A one-man hour-long dash through Dickens’ most infamous murder, Sikes & Nancy takes the tale of Oliver Twist and turns it into a dramatic gothic extravaganza, a testament to the incredible talents of James Swanton. Swanton plays every character in the play – including the narrator, as the majority of the text is taken verbatim from the novel. He flits between the growl of Bill Sykes, the wavering sorrow of Nancy and the wheedling of Fagin effortlessly, his face and voice elastic and full of vitality.

Swanton is already seated when the audience enters; face contorted in torment, sat in the middle of six chairs, the only scenery that ever appears on stage. The sound of rain dripping is heard in the background, the only thing to break the silence until the lights dim, the audience already captivated as we watch him wring his hands mutely.
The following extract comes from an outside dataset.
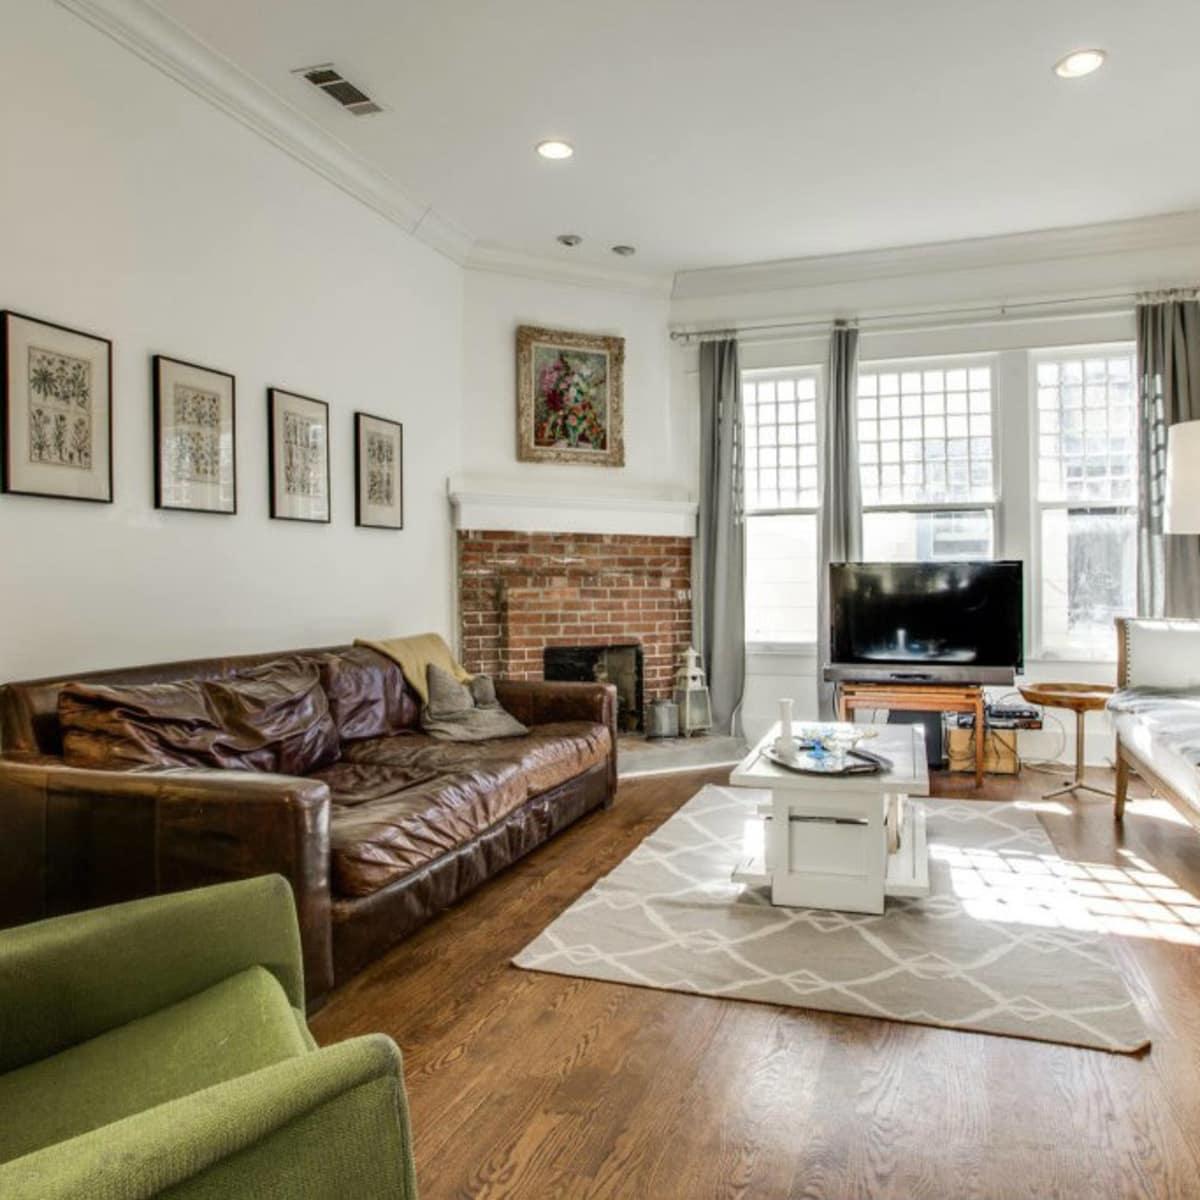 118 N. Winnetka living room
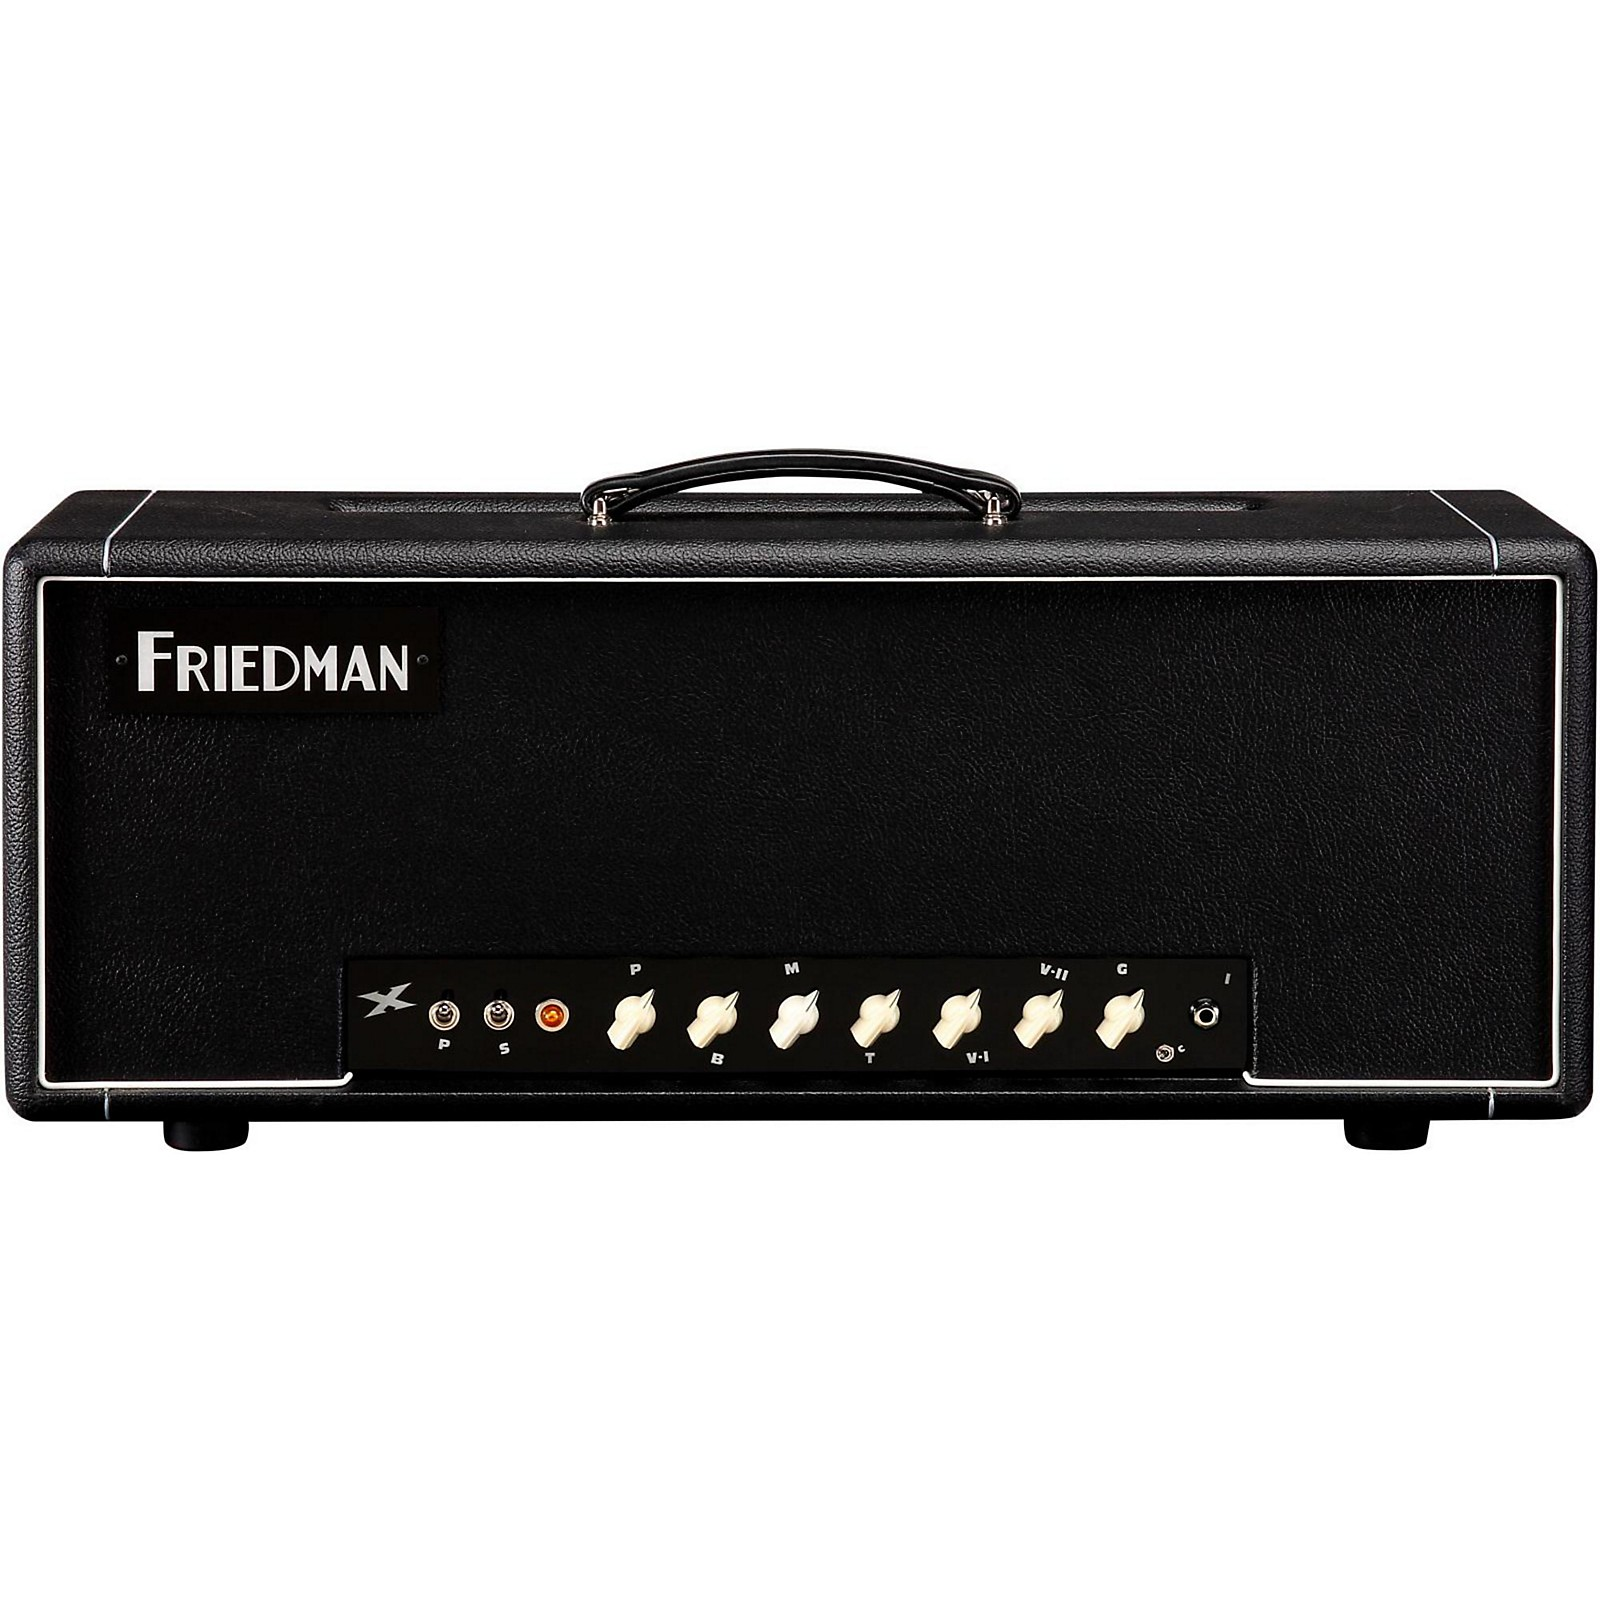 Open Box Friedman Phil X 100W Signature Hand-Wired Tube Guitar Head

Swanton’s acting is not necessarily naturalistic, but nor is meant to be. His Fagin is over-the-top, the narrator almost as dramatic, but Oliver Twist is such an improbable novel to start with it does not really matter, his caricatured versions of the characters chiming with the exaggerated tone of much of the book. His eyes are surrounded by black makeup, like a classic mime artist, and indeed, the lack of scenery means that mime is used frequently throughout the play. The open space means that Swanton can spend his time dashing across the stage, moving chairs to conjure up docks and pubs, filling up the space with sheer physical energy. He is almost constantly moving, the level of vigour consistent throughout, an impressive feat for a production that depends solely on him.

The theatricality at work in Sikes & Nancy is wonderful: black clothes mean that characters can be shrugged on and off easily without the bother of costumes, anything projected onto his simple attire, and when the splash of blood comes, it is all the more striking for being the only colour on stage. The smoke pumped on stage increases at the climactic point, amping up the sense of the gothic, calling to mind the iconic fog that is so strongly associated with Dickensian London.

However, in a play where there is so much speech, the moments of silence are the ones that bring the most tension. This is especially the case in the lead up to Nancy’s murder, where Swanton verges on the too-hysterical. The vivid nature of Dickens’ descriptions of her body do not really need embellishment, and would be more effectively portrayed if Swanton stepped back for a moment and allowed the full horror of what has happened to sink in. The audience are not given an awful lot of time to process, and there is the risk of being so caught up in Sykes’ panicked shrieking that we become desensitised to the brutality of Nancy’s fate.

Despite this, the grisly deaths of the play are well done. After Nancy’s death Bill is almost constantly rubbing the blood over his hands, until both forearms are covered in it. Although he textually has washed the blood off himself, its continued presence creates a Macbeth-like sense of being stained and haunted by the guilt of what he is done, and by the end of the play he is a truly gruesome sight.

Although at times the intensity of his performance feels like too much, Swanton in Sikes & Nancy is a tour de force. There are moments where it is hard to believe there is only one man on stage – he is possessed by these characters, and through him the dingy dens and the criminals that inhabit them are brought to life. It is a testament to his acting that watching him bow at the end is somehow jarring, the man who has been impossible to pin down finally shaking of the world he has inhabited and returning, for now, to ours.